And then she felt them.

Arms.

Shadowed, invisible, but *there*... sliding around her waist from behind, pulling her back against the outline of a body that wasn't really there. A solid chest at her spine. A steady, quiet strength wrapping around her middle as if it had always known how to hold her.

Her fingers curled against the porcelain sink.

Not Matt.

Matt had been close to her height, his arms strong but gentle, his touch soft, tender. When he hugged her, it felt like being gathered in by someone who never wanted to scare her, who always worried about holding too tight.

This wasn't like that.

These phantom arms were broader, the embrace firmer. There was no hesitation in the way they drew her back… just a calm certainty, like he knew exactly where she fit and wasn't afraid to keep her there. The weight of him felt protective, anchoring, a quiet command to lean in and let go.

Her breath hitched.

The warmth tightened once, almost like a silent promise whispered against her skin.

Then it vanished.

The sensation snapped away so fast she almost staggered. The bathroom felt colder, emptier, like someone had walked out and closed the door quietly behind them.

The bruise remained.

Quiet. Darkening. Waiting.

"Aslinnnnn!"

Hadley's voice tore down the hallway like a banshee armed with caffeine. "If you're not done in there, I'm kicking the door in. I'm not afraid."

Aislinn shut off the tap, heart still thudding. "You are absolutely afraid," she called back. "You just like being dramatic."

"I contain multitudes," Hadley answered. "Hurry up!"

Aislinn dried her hands, but her gaze fell back to the faint ring around her finger. In the brighter light, it seemed even more defined. A perfect circle.

Like the ghost of a wedding band.

Her stomach tightened.

"Just a bruise," she whispered to herself. "Maybe I smacked it on something. Maybe I slept weird."

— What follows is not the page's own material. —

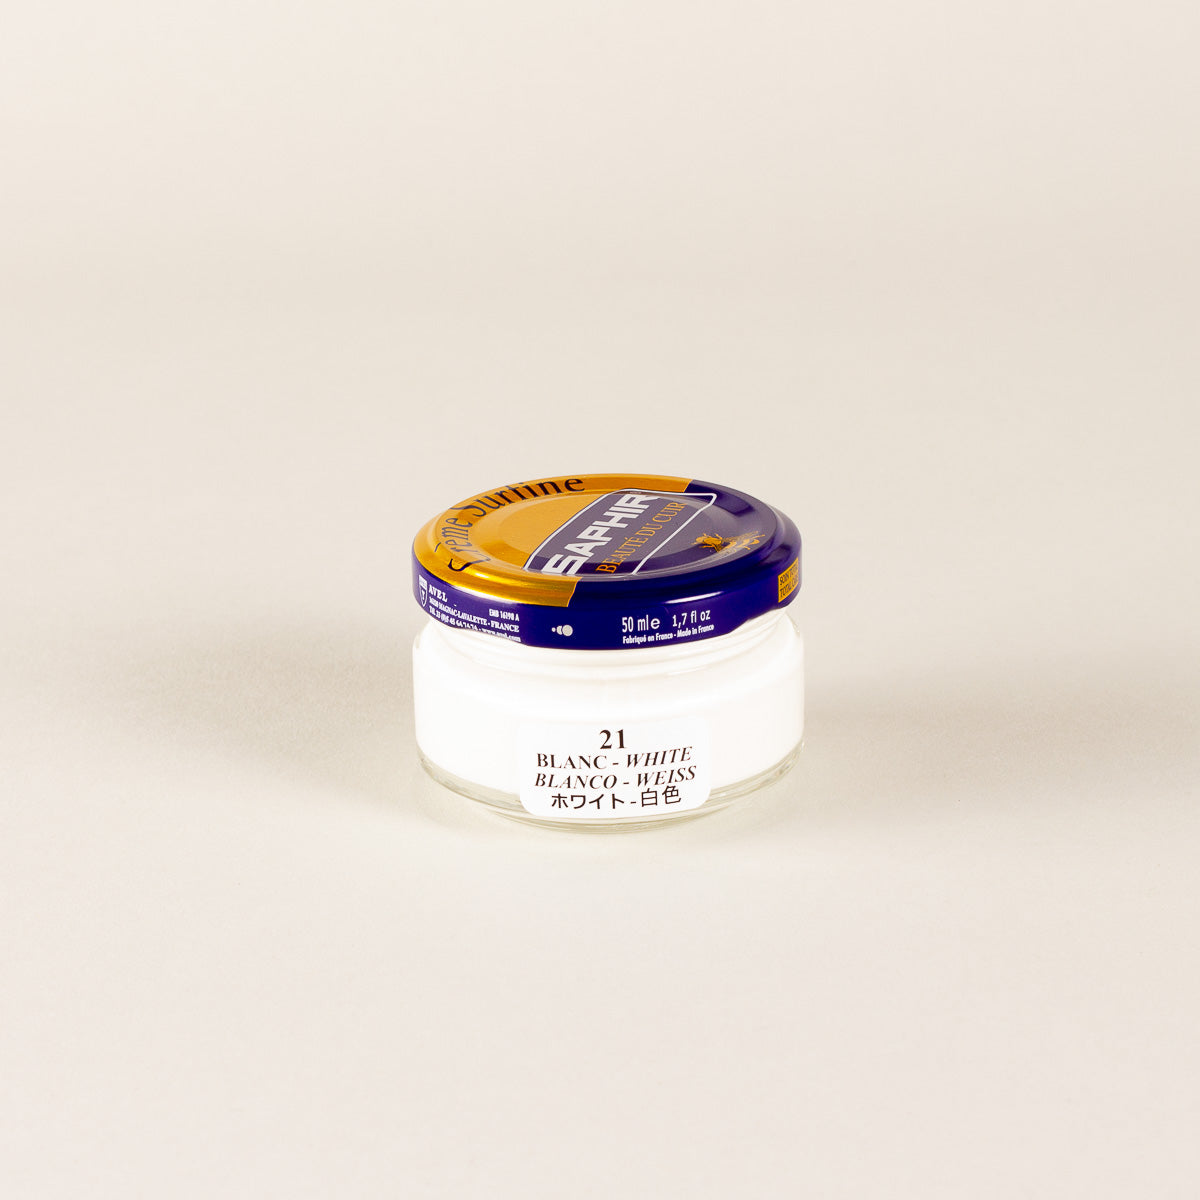 Saphir Beaute du Cuir Cream Surfine 50ML – Bourgee
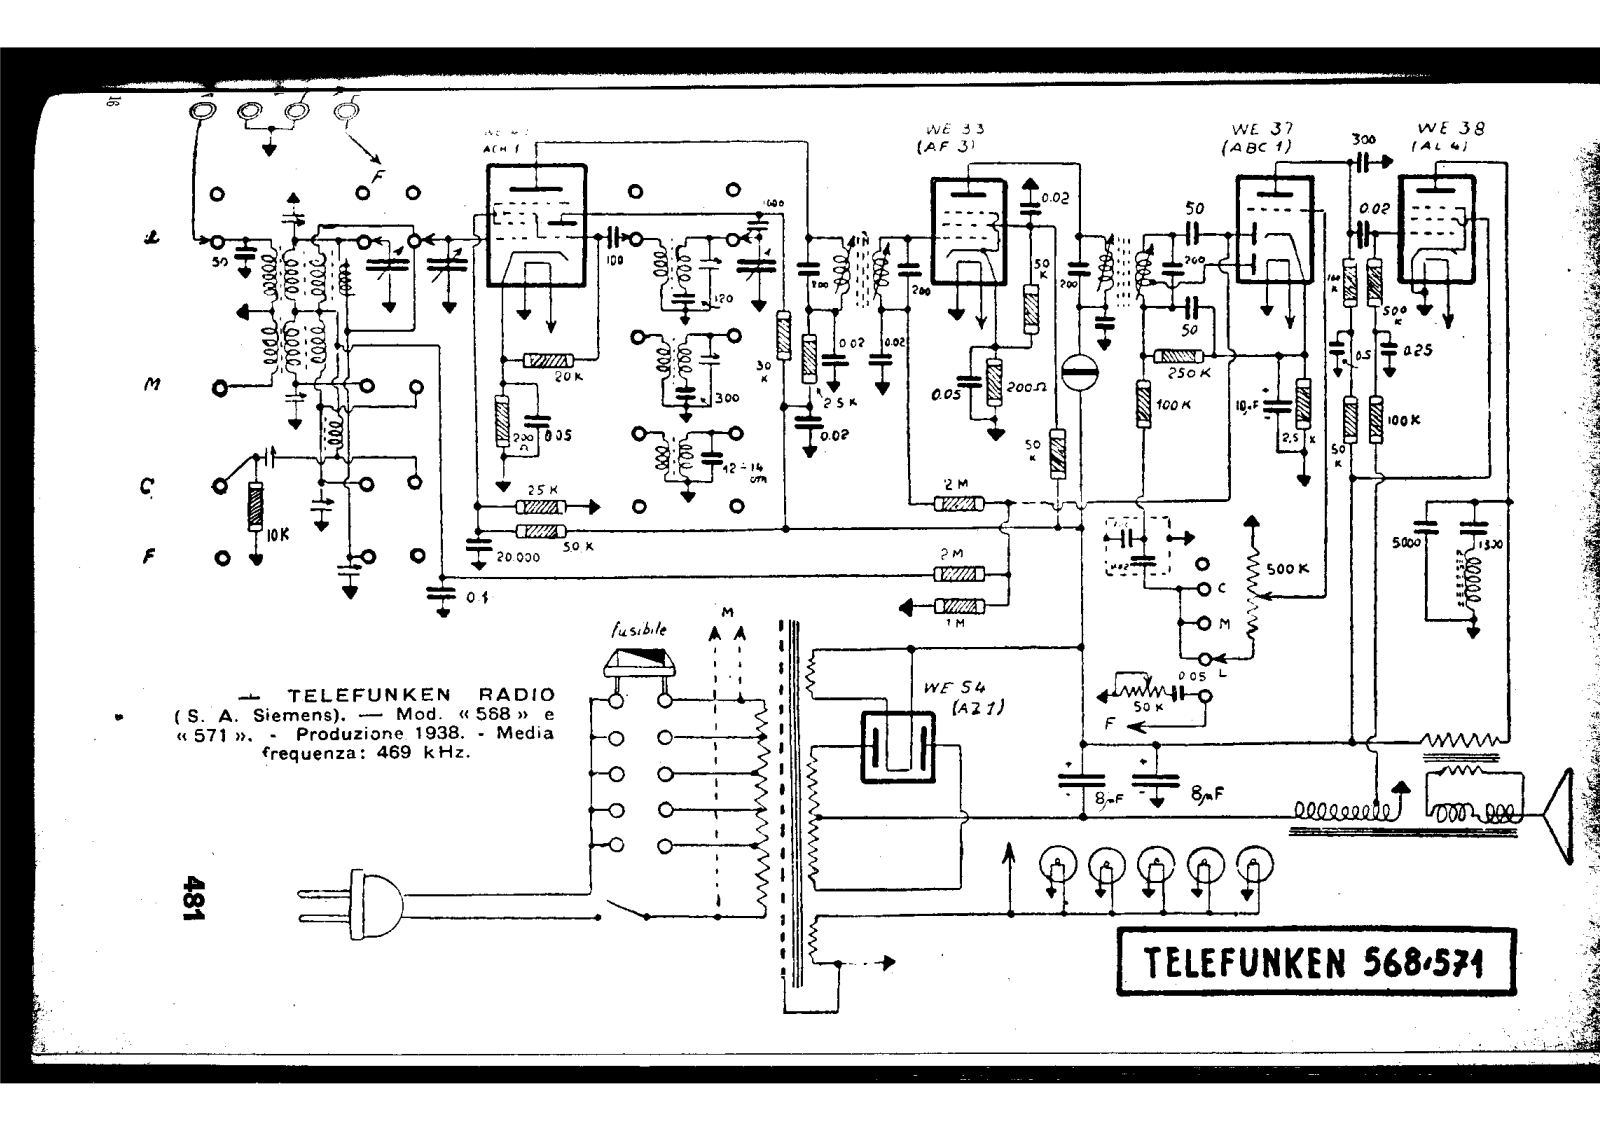 Siemens t568, t571 schematic

Maybe phantom arms weren't real.

She didn't sound convinced, even in her own head.

She pulled on jeans and a soft gray sweater, tugged fingers through her dark red hair, and slung her bag over her shoulder. Her hand brushed the mark again by accident. The echo of warmth skipped through her like a heartbeat.

Not Matt, she thought, unsettled.

Someone else.

Someone who didn't exist.

She shook it off and stepped out of the bedroom.

Hadley stood by the apartment door, phone in one hand, travel mug in the other, looking personally offended by the passage of time. Strawberry-blond hair was twisted into a messy knot, black-rimmed glasses perched on the end of her nose.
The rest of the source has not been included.